> **WHAT THE TASK REQUIRES**
From the entries below, reproduce exactly the lines from the one with "Ce tapis 10x14" through the one with "Sur le Design", both included, without images.

> **DATA RECORDS**

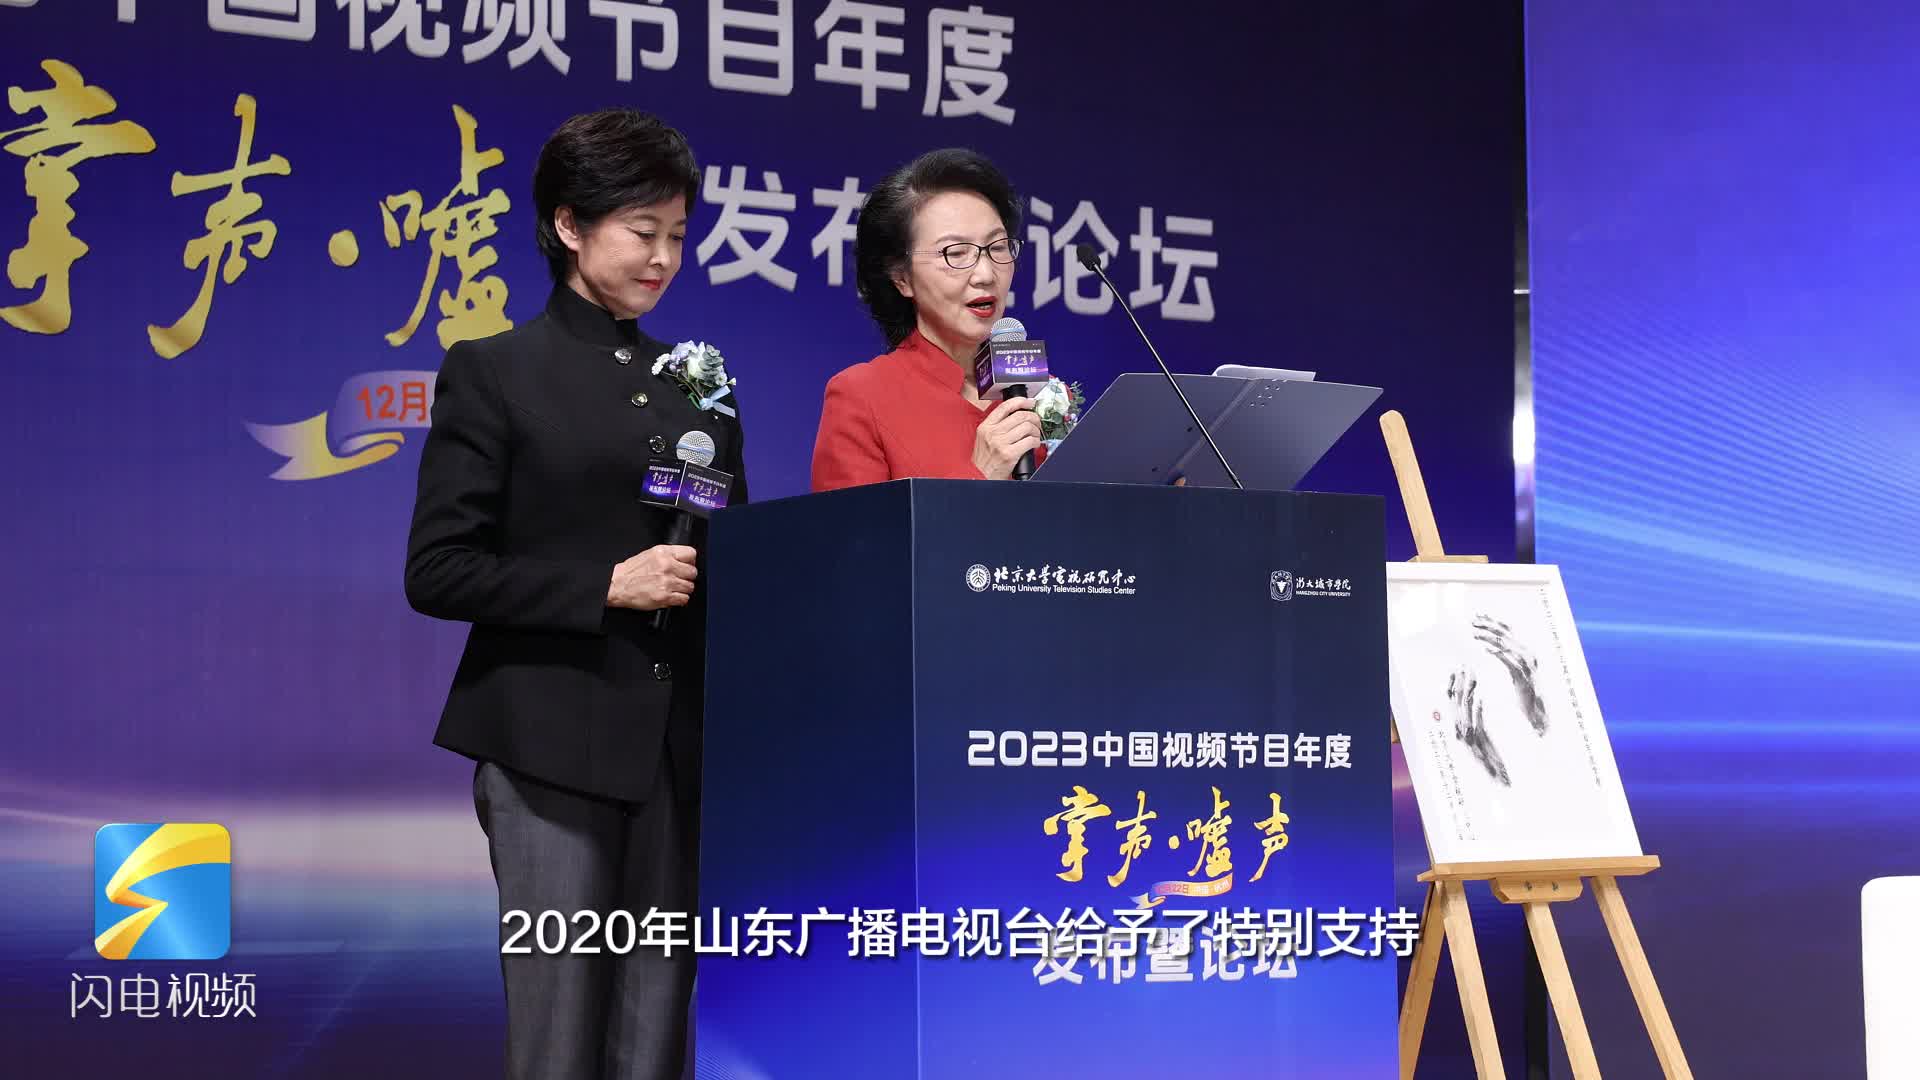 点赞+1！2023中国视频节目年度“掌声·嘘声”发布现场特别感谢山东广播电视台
* * *
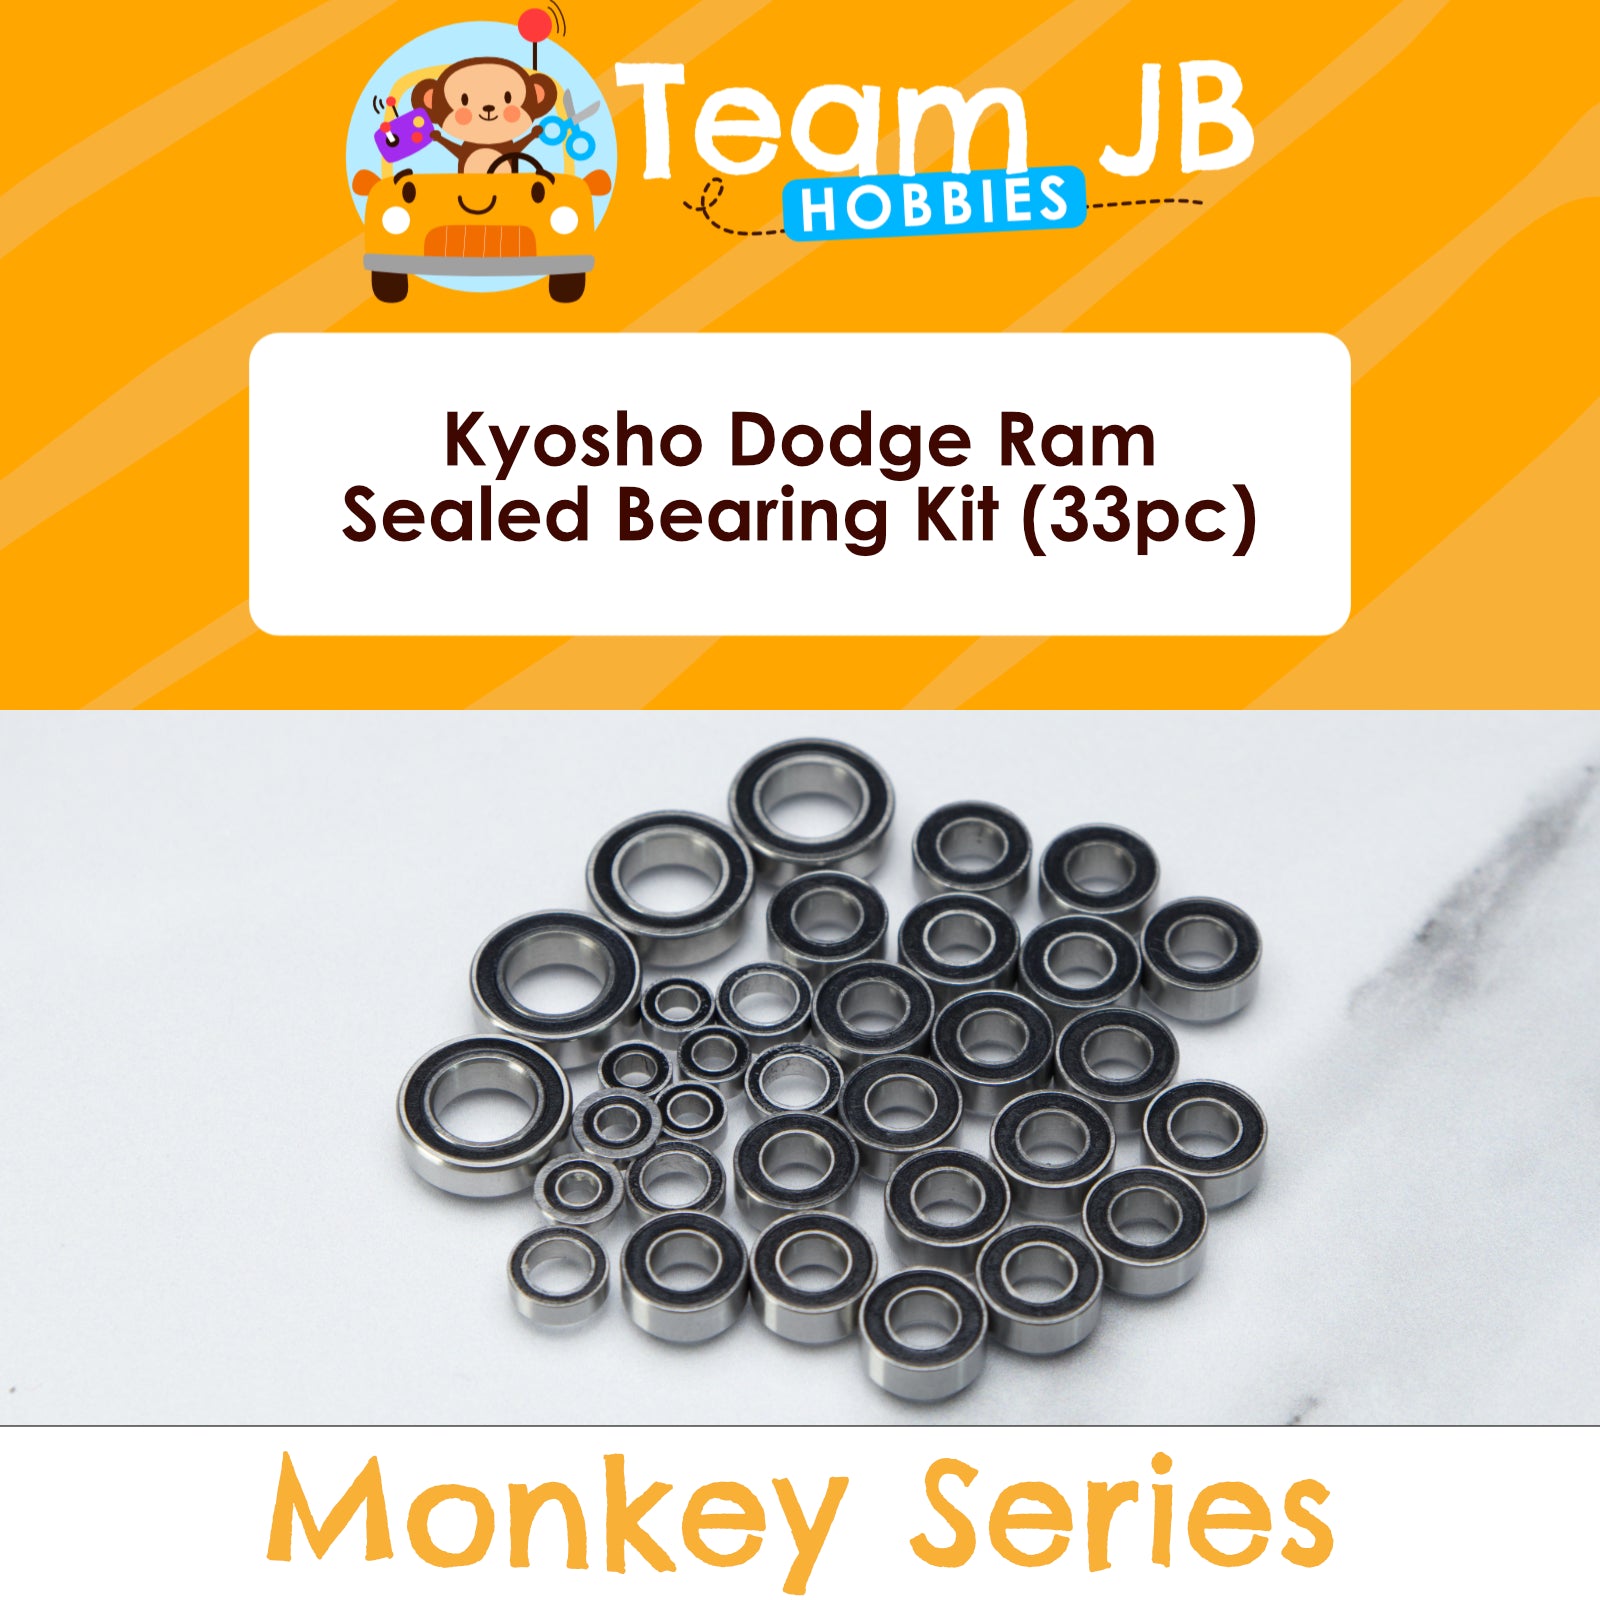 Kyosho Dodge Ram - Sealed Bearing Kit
...
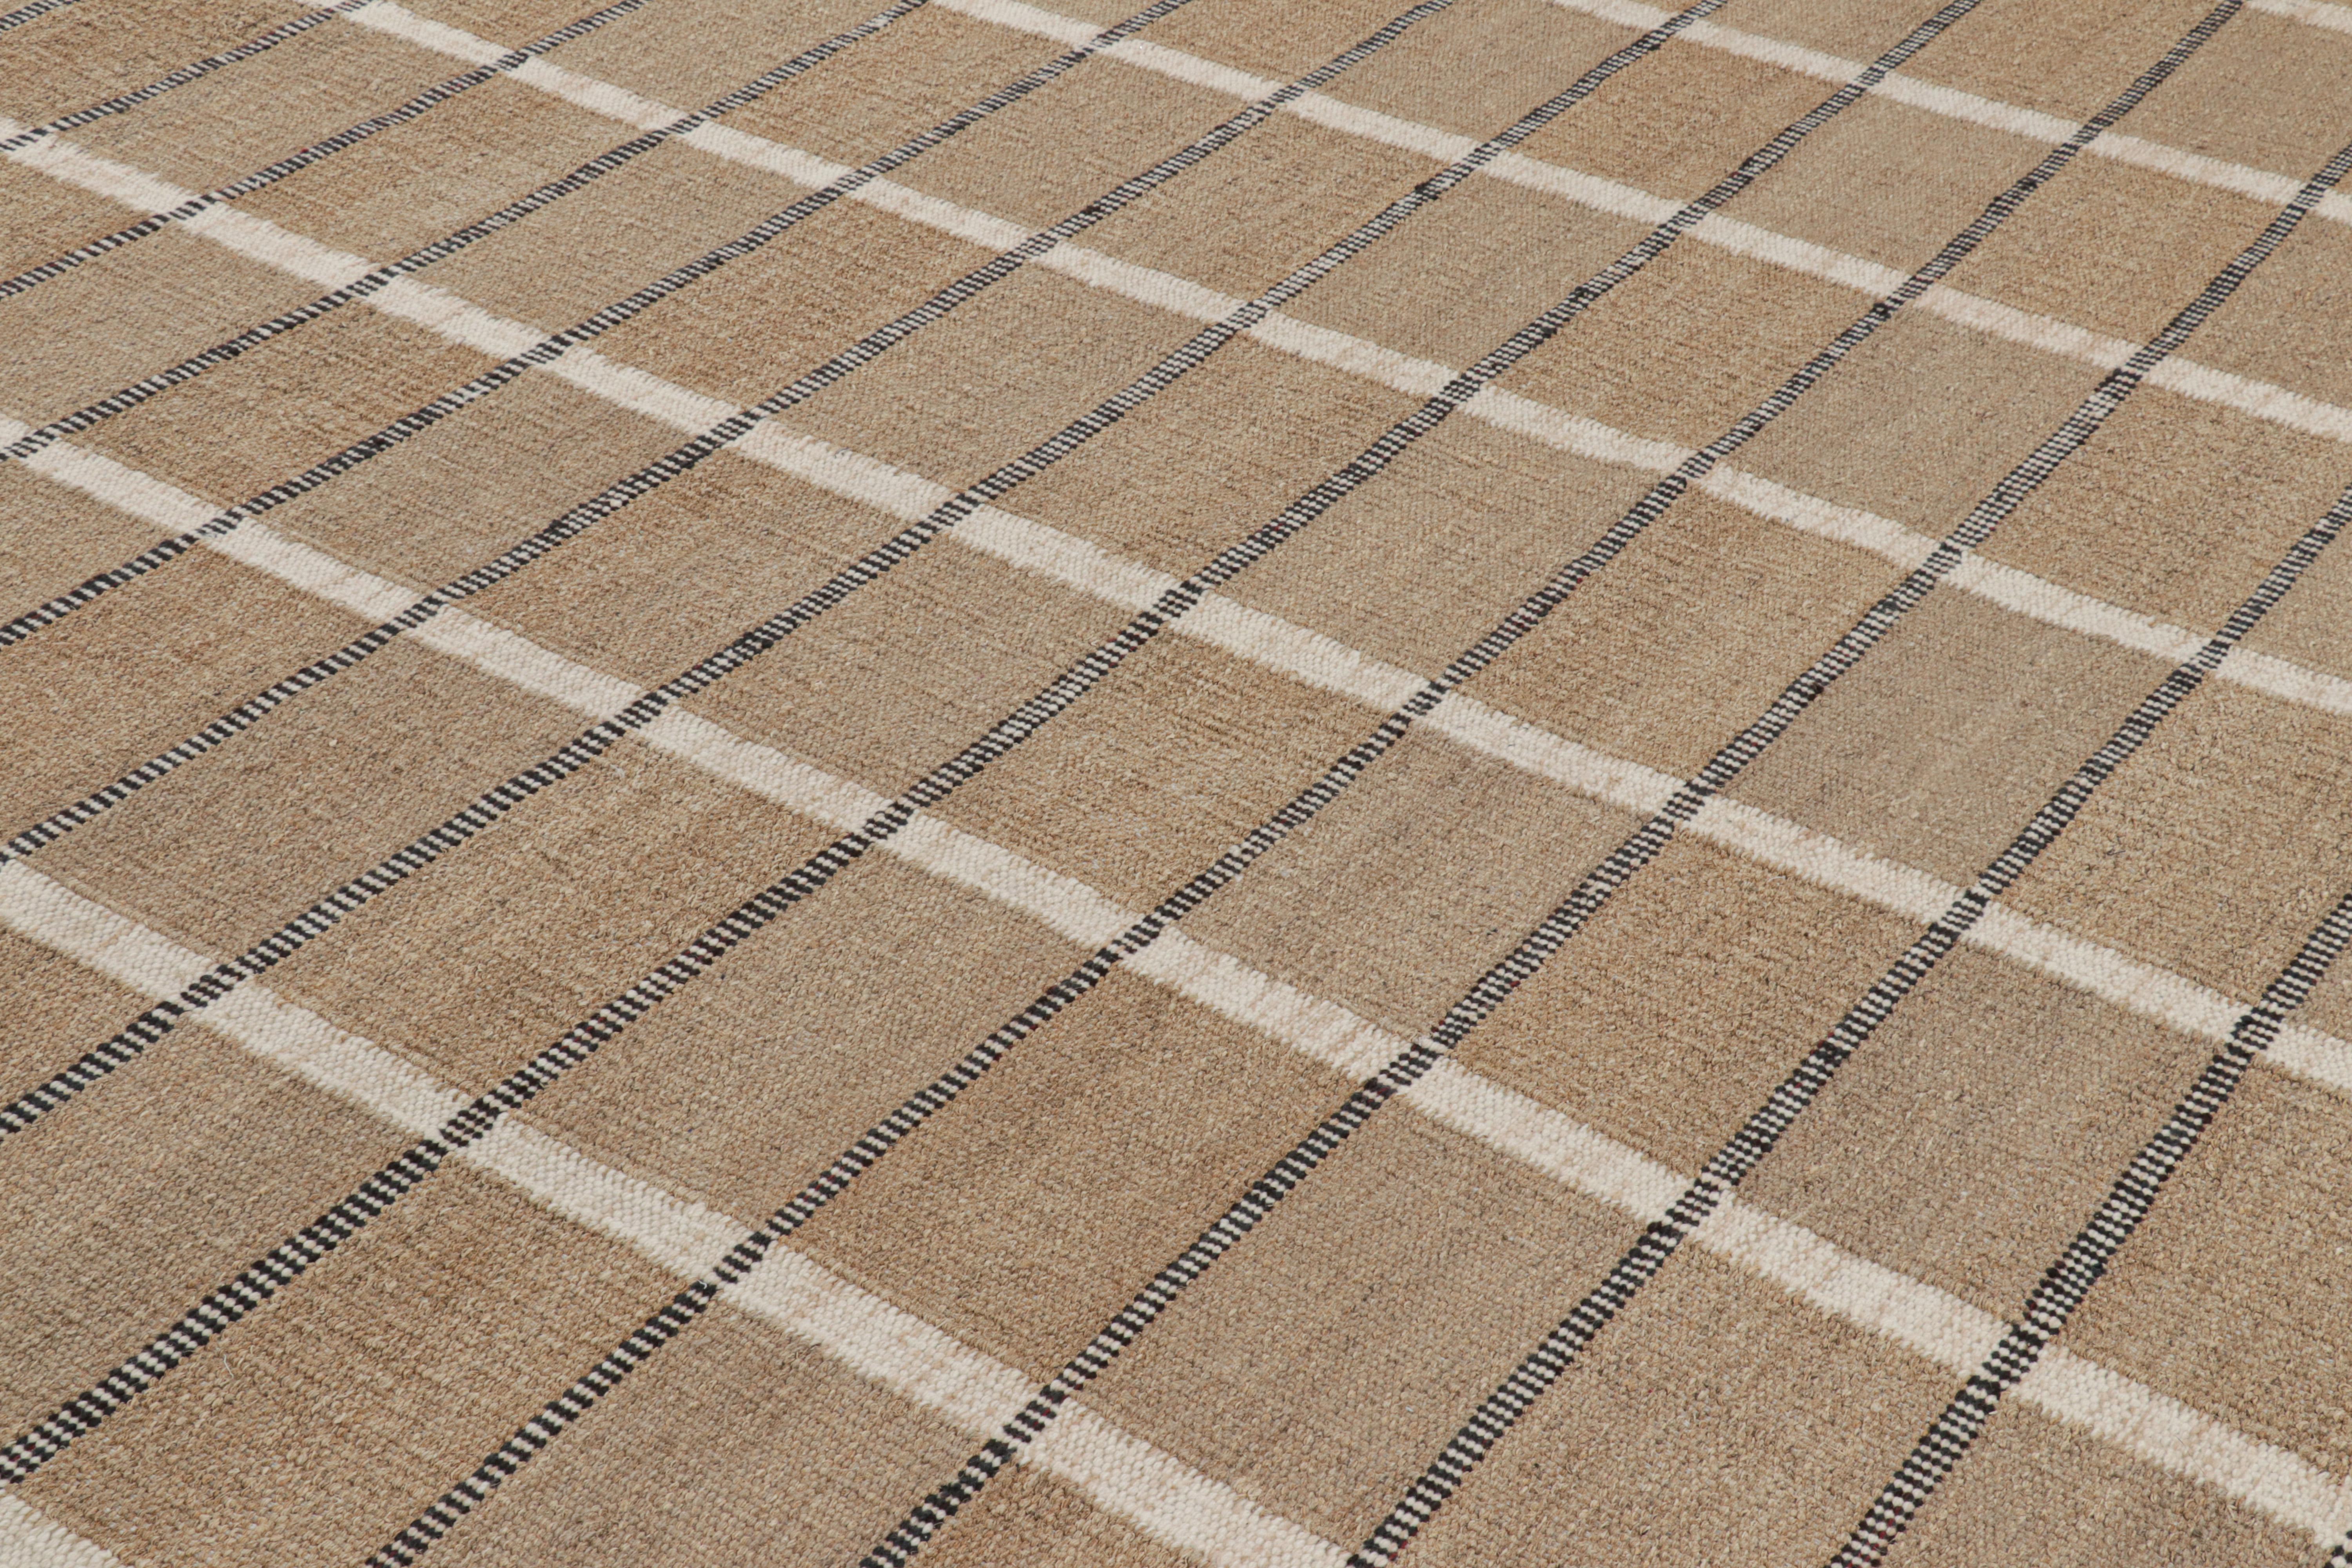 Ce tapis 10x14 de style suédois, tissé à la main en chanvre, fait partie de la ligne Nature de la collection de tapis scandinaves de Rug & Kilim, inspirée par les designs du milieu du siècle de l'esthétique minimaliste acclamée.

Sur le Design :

> **REPLY TO THE TASK**
 Ce tapis 10x14 de style suédois, tissé à la main en chanvre, fait partie de la ligne Nature de la collection de tapis scandinaves de Rug & Kilim, inspirée par les designs du milieu du siècle de l'esthétique minimaliste acclamée.

Sur le Design :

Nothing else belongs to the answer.